How to spot it: Review times get shorter over time without a corresponding improvement in AI accuracy. Clinicians sign off notes within seconds of them being generated. Error rates in audits increase. When you ask a clinician to walk you through their review process, they cannot describe a systematic approach.
How to prevent it: Regular audit and feedback. Share anonymised examples of errors that were caught — and errors that were not. Remind the team that the AI is a drafting tool, not an author. Build review into the workflow so that it is a structured step, not an afterthought.
Automation complacency is not laziness. It is a well-documented psychological phenomenon that affects experienced users of any automated system. Pilots, radiologists, and factory workers all experience it. The solution is not to blame individuals but to build systems that maintain vigilance — regular audits, error sharing, and structured review processes.
Problem 5: Technical issues
Some problems are simply technical.
Poor audio quality. The AI cannot transcribe what it cannot hear. Check microphone placement, room acoustics, and background noise. A directional USB microphone on the desk often performs better than a laptop’s built-in microphone.
System integration issues. If the AI tool does not integrate smoothly with EMIS or SystmOne, clinicians waste time copying and pasting notes between systems. Work with your supplier and clinical system provider to resolve integration issues. If they cannot be resolved, this is a legitimate reason to reconsider the tool.
Network problems. Cloud-based AI tools need a reliable internet connection. If your surgery has connectivity issues, the AI tool will be unreliable, and clinicians will lose trust in it. Address the infrastructure before blaming the tool.
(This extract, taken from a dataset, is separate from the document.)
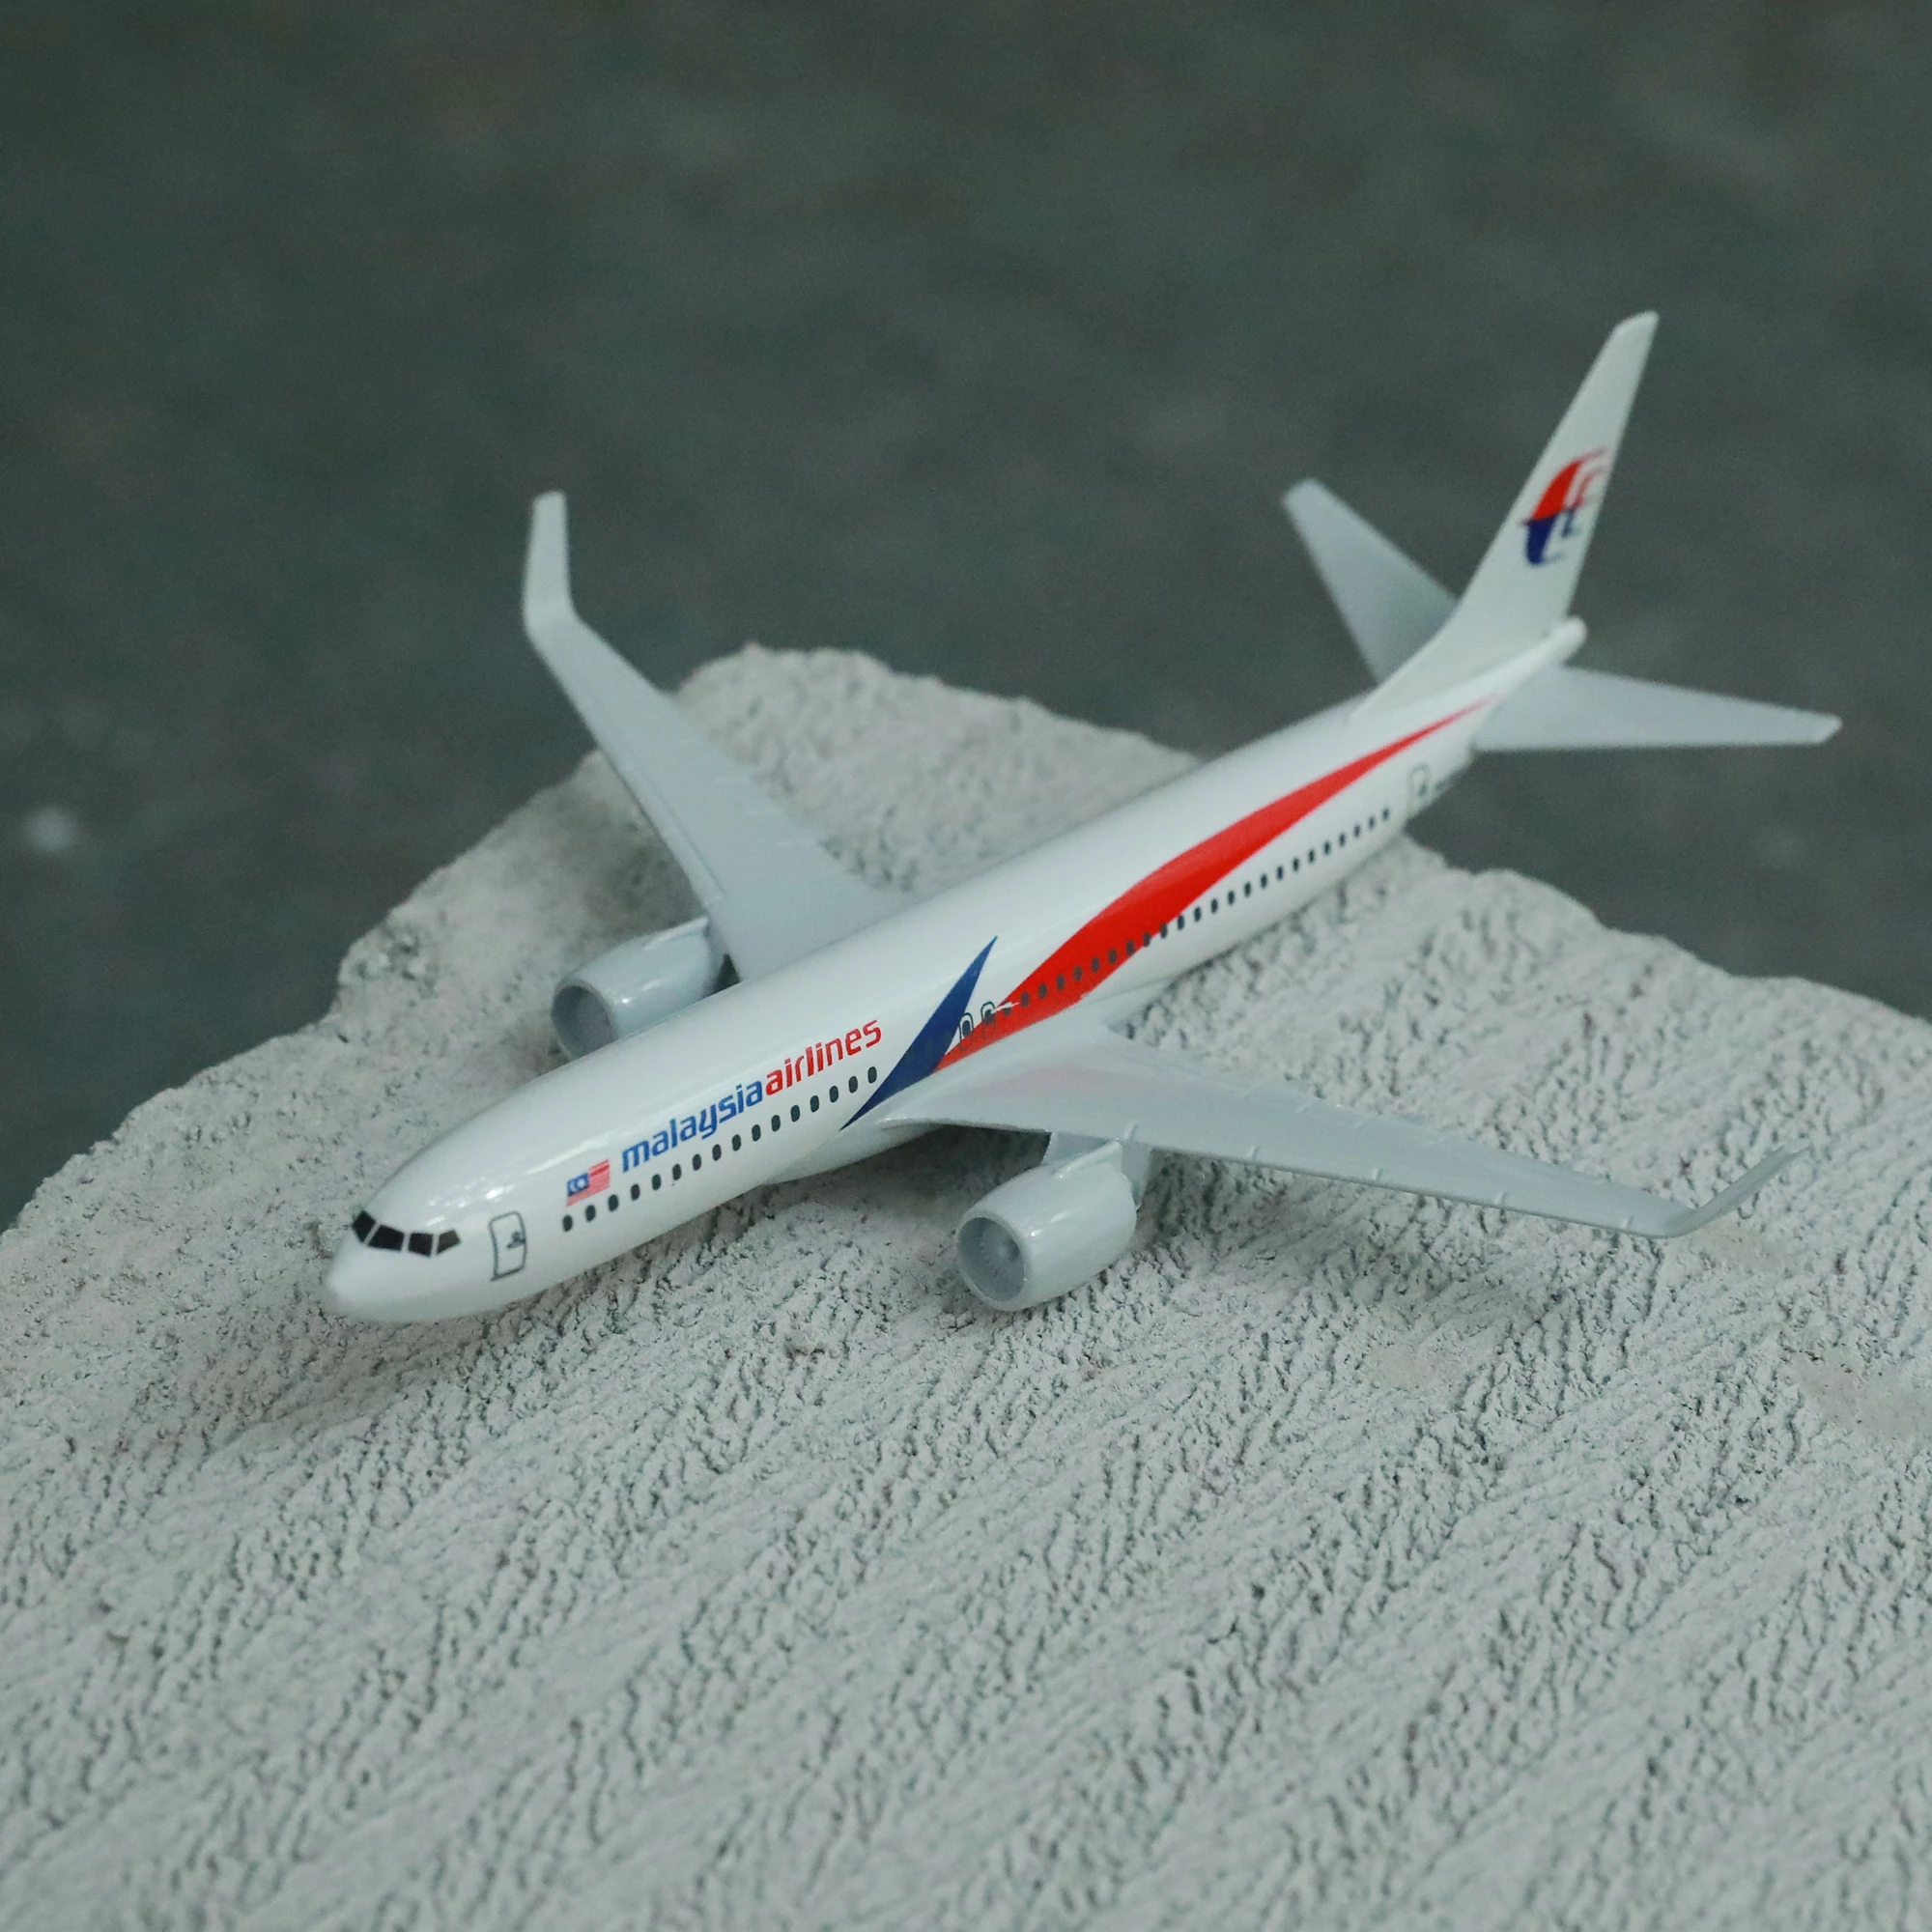 

Модель самолета Malaysia Airlines, модель самолета Боинг 737, 6 дюймов, металлический самолёт, коллекция миниатюрных мото, Eduactional игрушки для детей

Technical problems are frustrating but fixable. The important thing is to fix them quickly — every day a clinician has a bad experience with the tool is a day they become less likely to persevere with it.
When to escalate
Most problems can be resolved at practice level with good management and support. But some situations require escalation.
Safety concern: An AI error reaches the patient record, causes harm, or leads to a near-miss. Report through your clinical governance process and to the tool supplier.
Data breach: Patient data is exposed, lost, or used inappropriately. Report to your Data Protection Officer, your ICB, and the ICO within 72 hours.
Systemic tool failure: The AI consistently produces a specific type of error across multiple clinicians and consultations. Report to the supplier and to NHS England’s AVT team.
Having an escalation process written down and shared with the team before problems occur is much better than trying to create one in the middle of a crisis.
Key Takeaway
Problems are normal in any AI implementation. The five most common issues are clinician dropout (set realistic expectations), AI errors (reinforce review skills), patient complaints (improve communication), automation complacency (maintain audit and feedback), and technical issues (fix infrastructure). Have an escalation process ready for safety concerns, data breaches, and systemic tool failures.